Until the infrastructure is in place for us to do more useful things with electric cars it seems they're better used for racing, where the rules can be made to support the current limitations (and develop better solutions). Think of short, 30-minute bursts of energy. Like the electric R/C cars we played with as kids. They were horrible for distance but for the 30 minute they worked you found yourself laughing and giggling through every turn and flip. 

Or in EV West's case, 10 to 13 minutes. Which is all they need to cover the 12-mile race up Pikes Peak International Hill Climb. I share a shop space with EV West and they let me drive their crazy 700-hp modified electric BMW. So what's it like?


Strange. Fast. Smooth. Quiet. It surges. Seriously. The power comes on so much differently than a combustion engine. You get the same torque at any RPM, at any speed, any time you press the throttle. 

That consistency is cool. But it's more how smoothly the power is delivered that most caught my attention. It just flows. A combustion engine feels like 100 elves pounding away with hammers 80 times-per-minute on the crankshaft. I think I can feel the little hammer blows. 


Electric feels like some strange water drive. As if the power was made with fluid or something soft like a rubber band. Like God reached down, pulled back on the car, and wound it up. You press the gas and the car jumps forward. Throttle response is a thing of the past. Same with the sound of the exhaust opening up as you climb into the RPM sweet spot. That's gone, too.


But in its place you get 700 electric horses and you get them all the time, every time. Well… until the batteries need to be charged for the toy to work again. 
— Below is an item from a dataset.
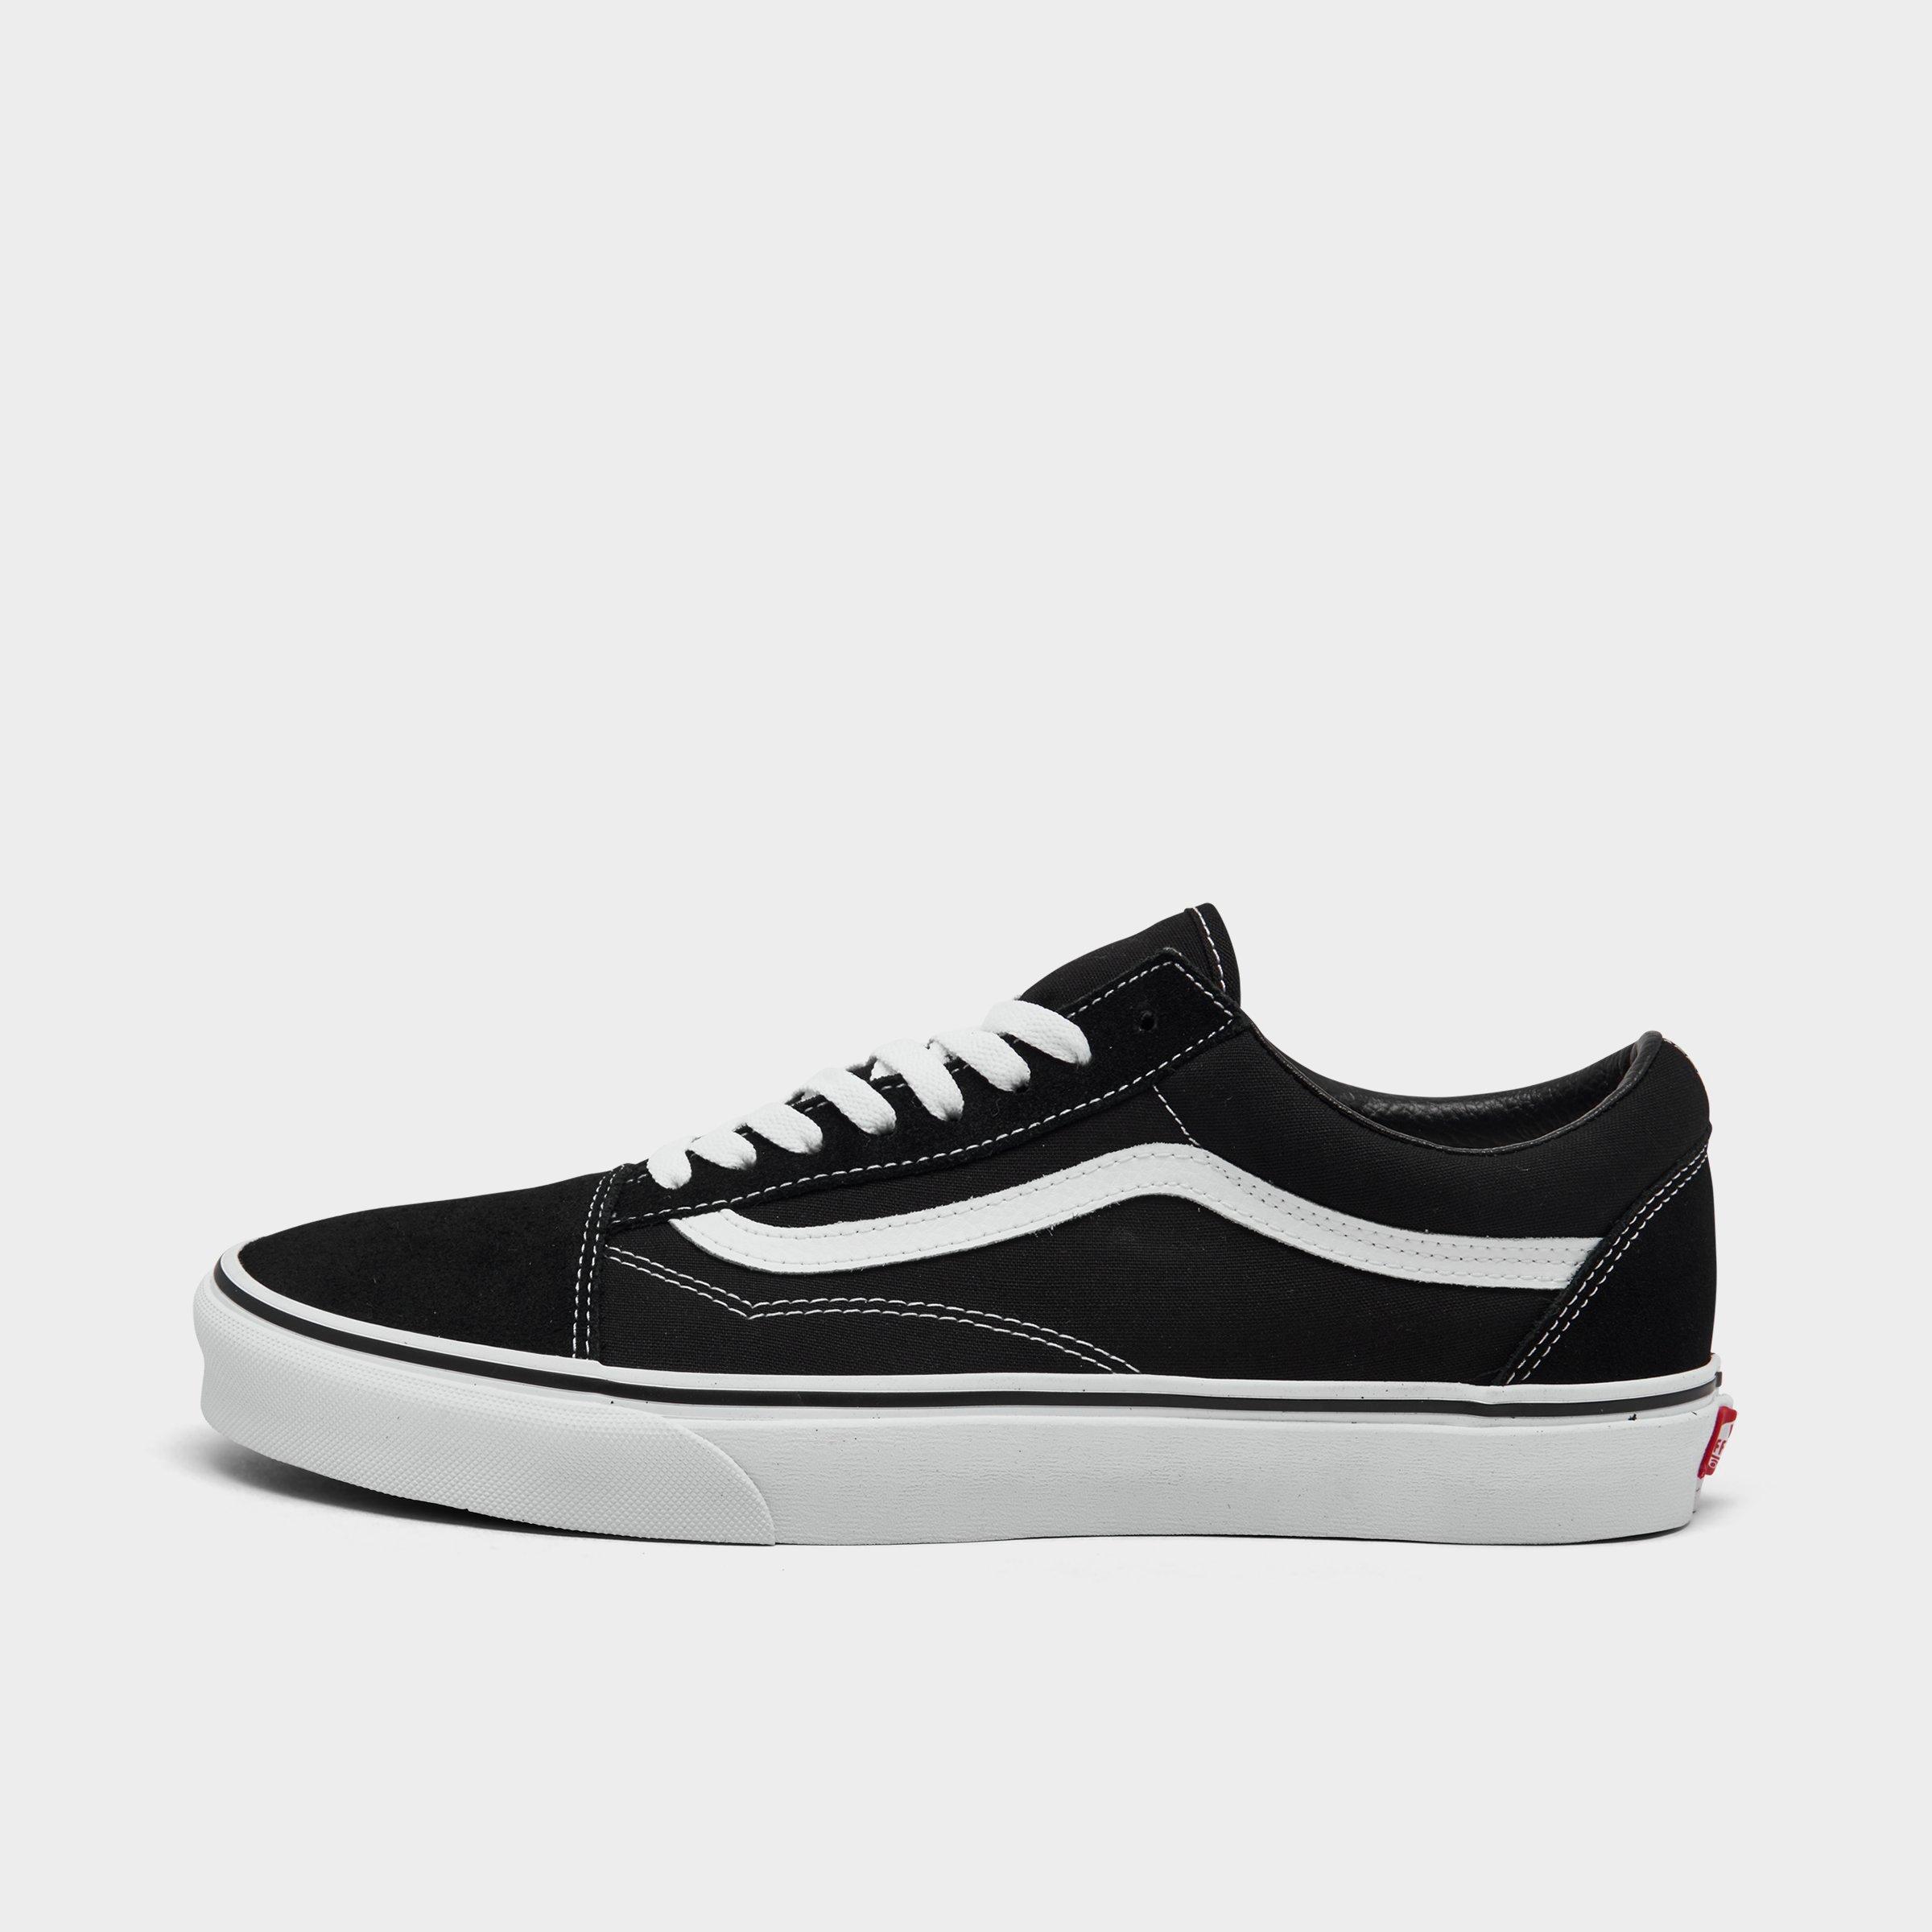 vans black shoes price

This too will change. EV West has teamed up with SRD, the guys that helped me finish the Baja BMW (i.e. the Baja Pig), to help them run the Baja1000 in the first fully electric desert racer.


The idea of 1,000 miles of racing all on electric while miles from civilization in arguably one of the hardest races on the planet is an insane idea. But I think SRD can do it. And they win most of the time they race, anyway. They won Class 5 in the Baja 1000 last year. Why would this be any different? 

And don't worry, I remind them all the time they are going to ruin motorsports with their quiet little engines, but after driving their M3, I'm not sure I care. I do wonder if we are all going to trade in our nomex for rubber, shock-proof suits some day, but until then racing is racing and no matter what powers it, once you get in the car it's all the same.